• Work order:
Quote every line below exactly and skip any picture.

• Supplied data:
• • •

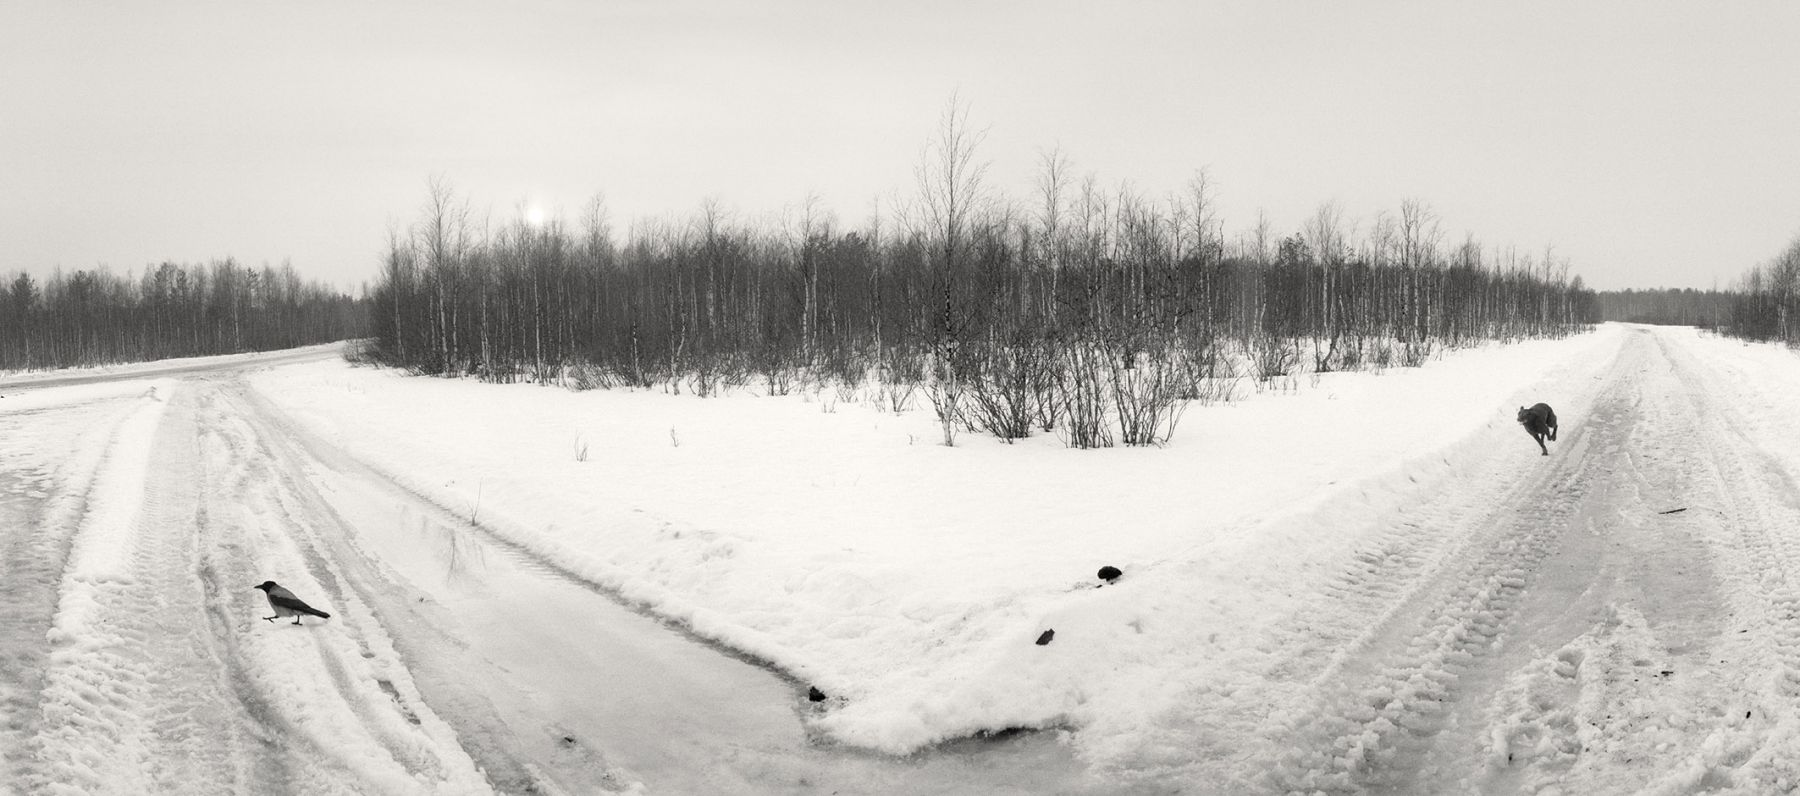 Paanajärvi, Karelia, Russia
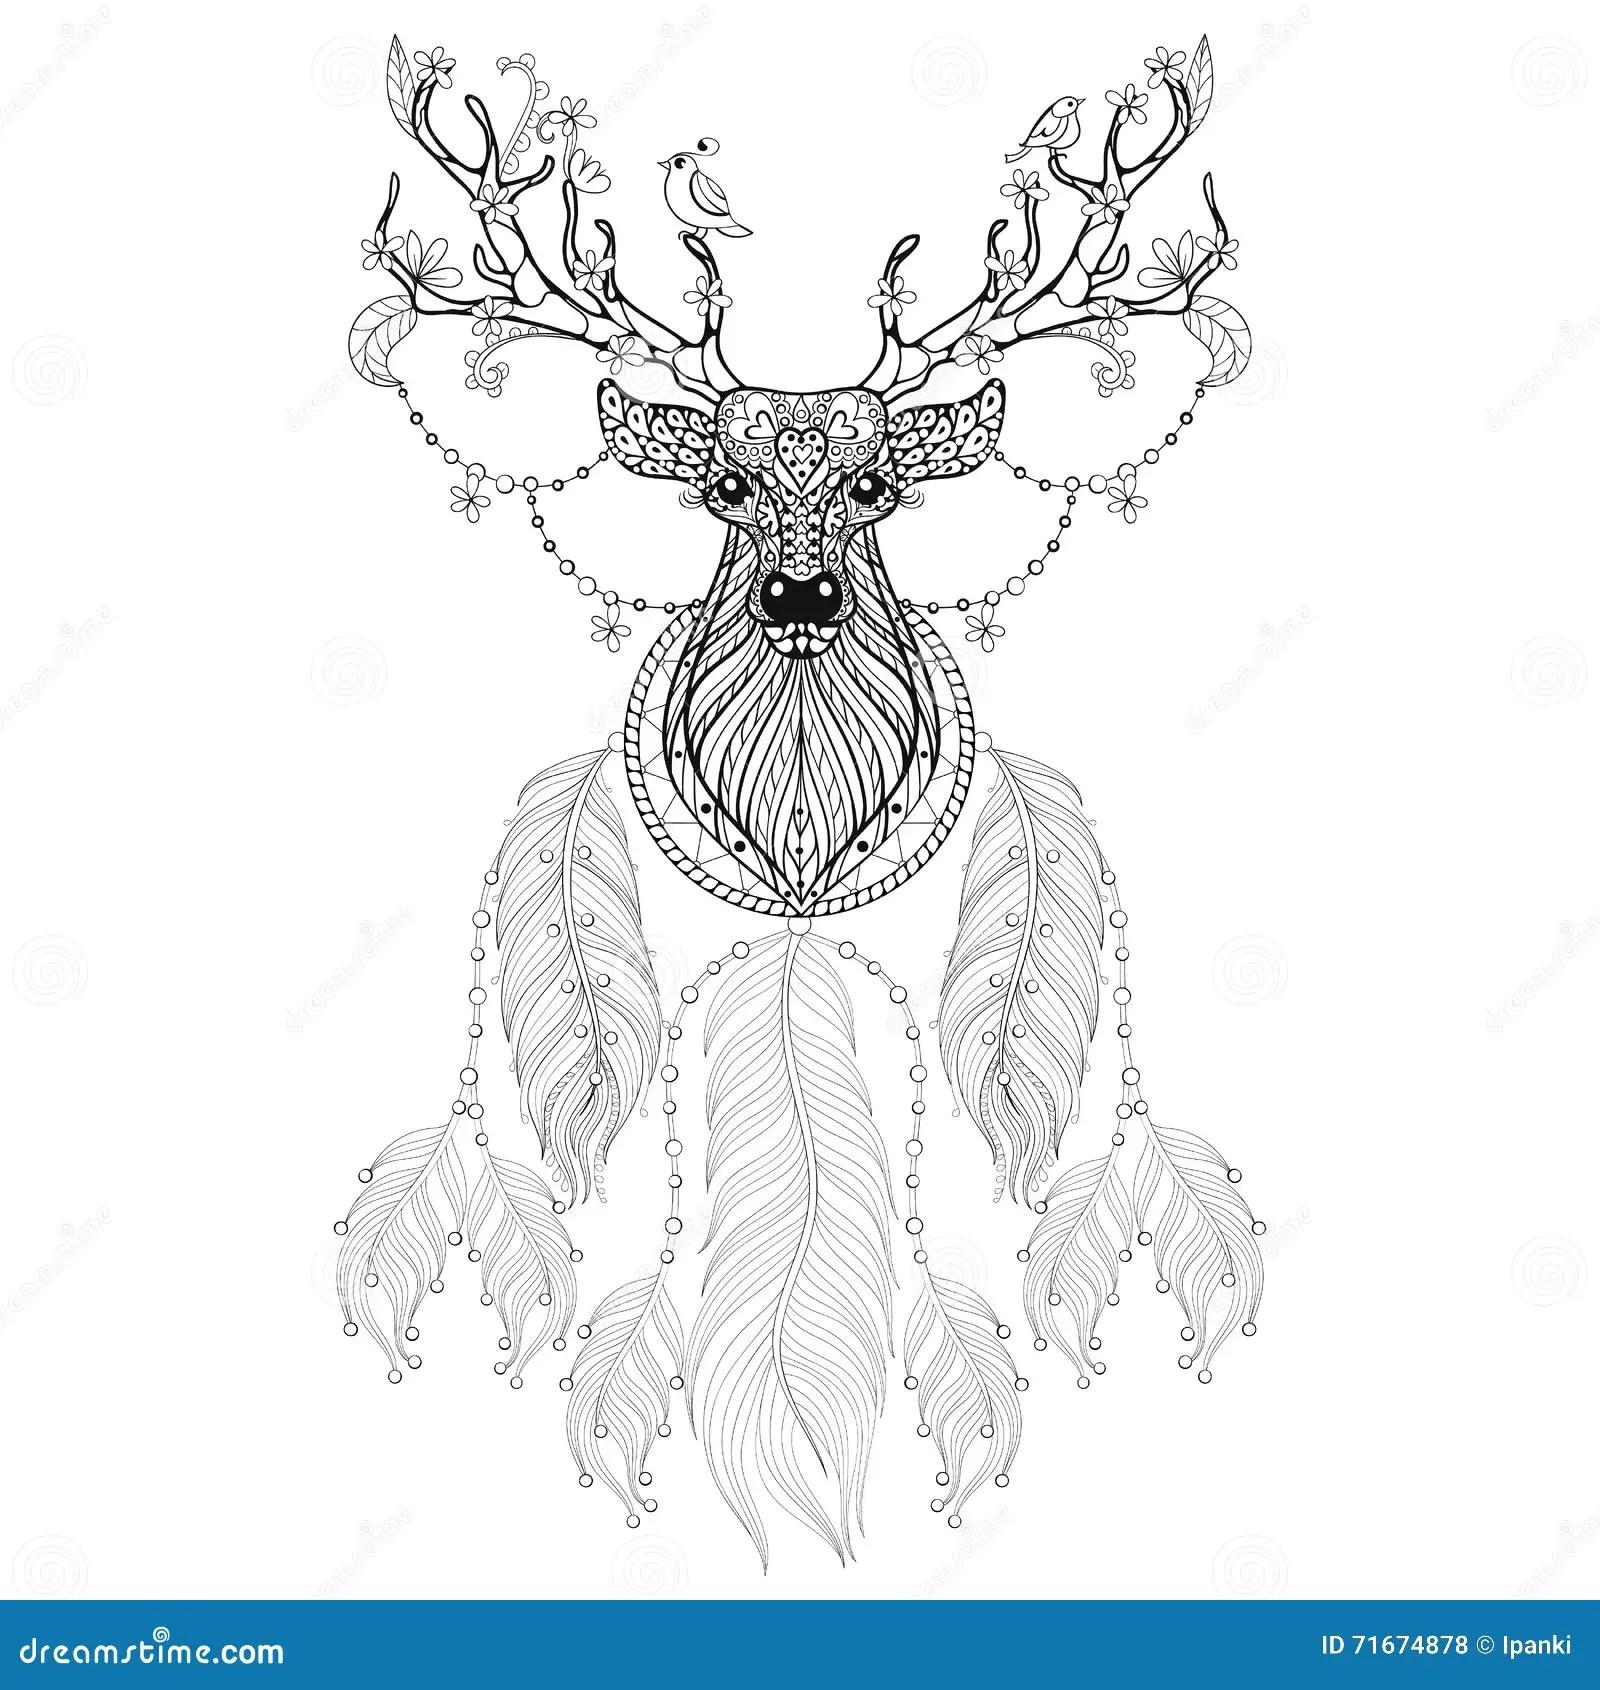 Hand Drawn Zentangle Dreamcatcher With Tribal Hprned Deer
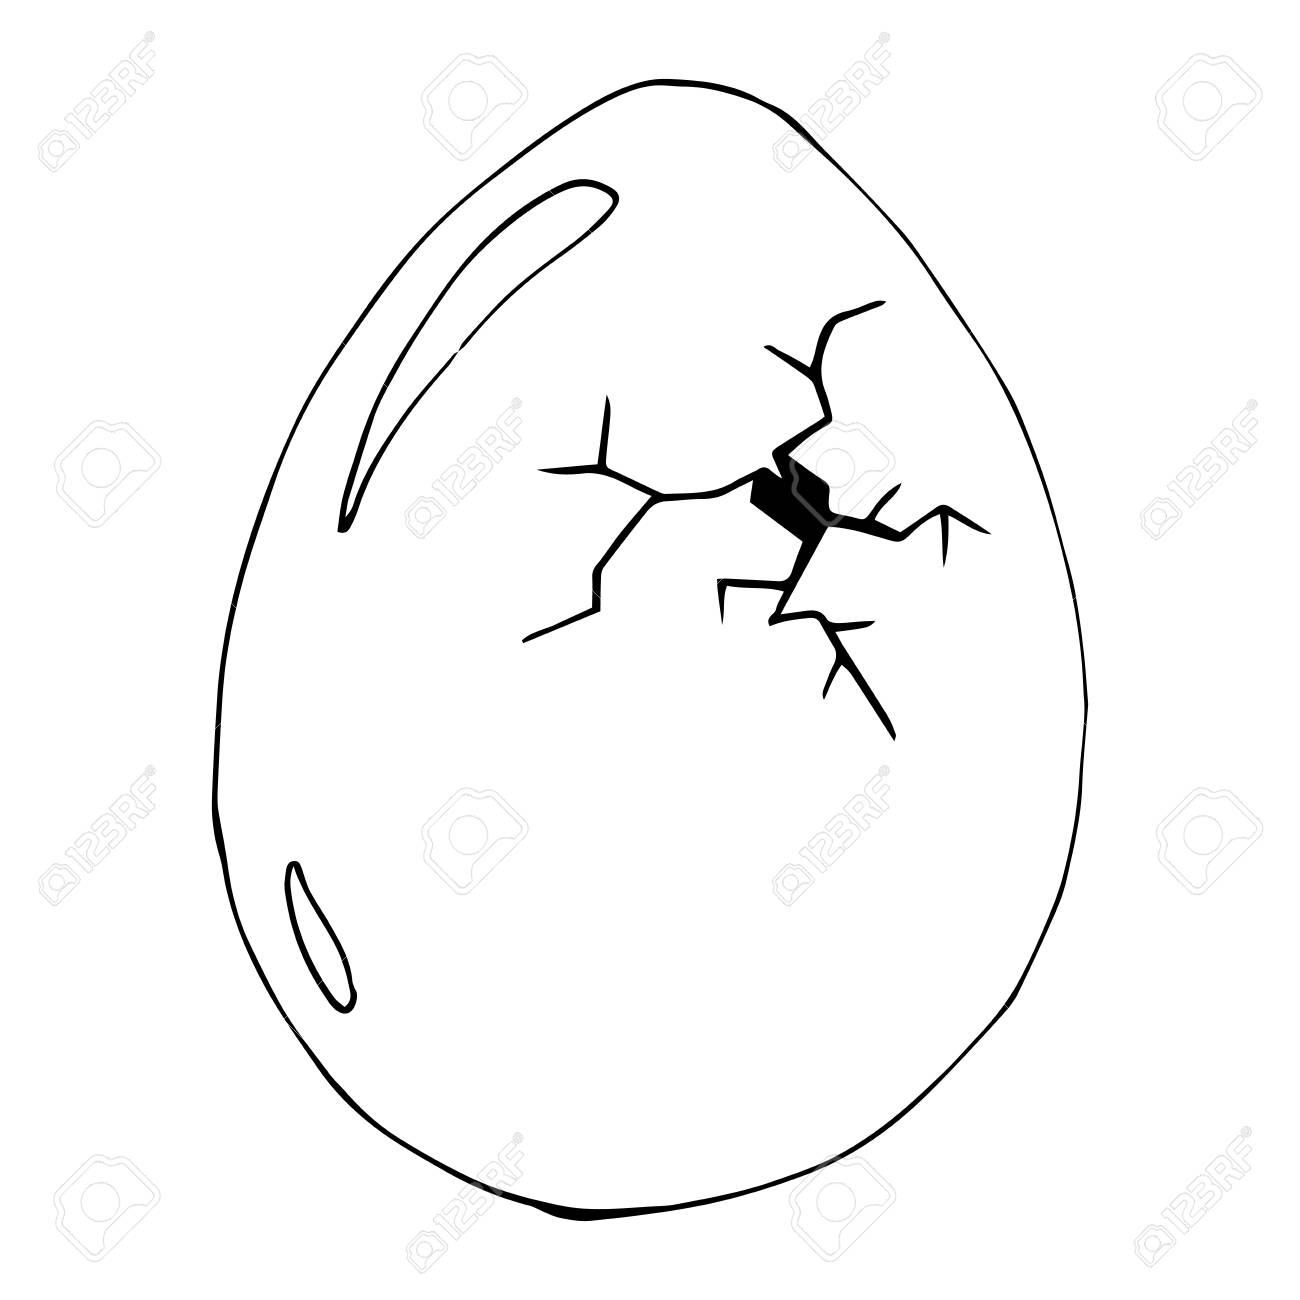 Cracked egg. Vector illustration of egg. Hand drawn cracked...

• • •

• Answer to this exercise:
 Paanajärvi, Karelia, Russia
 Hand Drawn Zentangle Dreamcatcher With Tribal Hprned Deer
 Cracked egg. Vector illustration of egg. Hand drawn cracked...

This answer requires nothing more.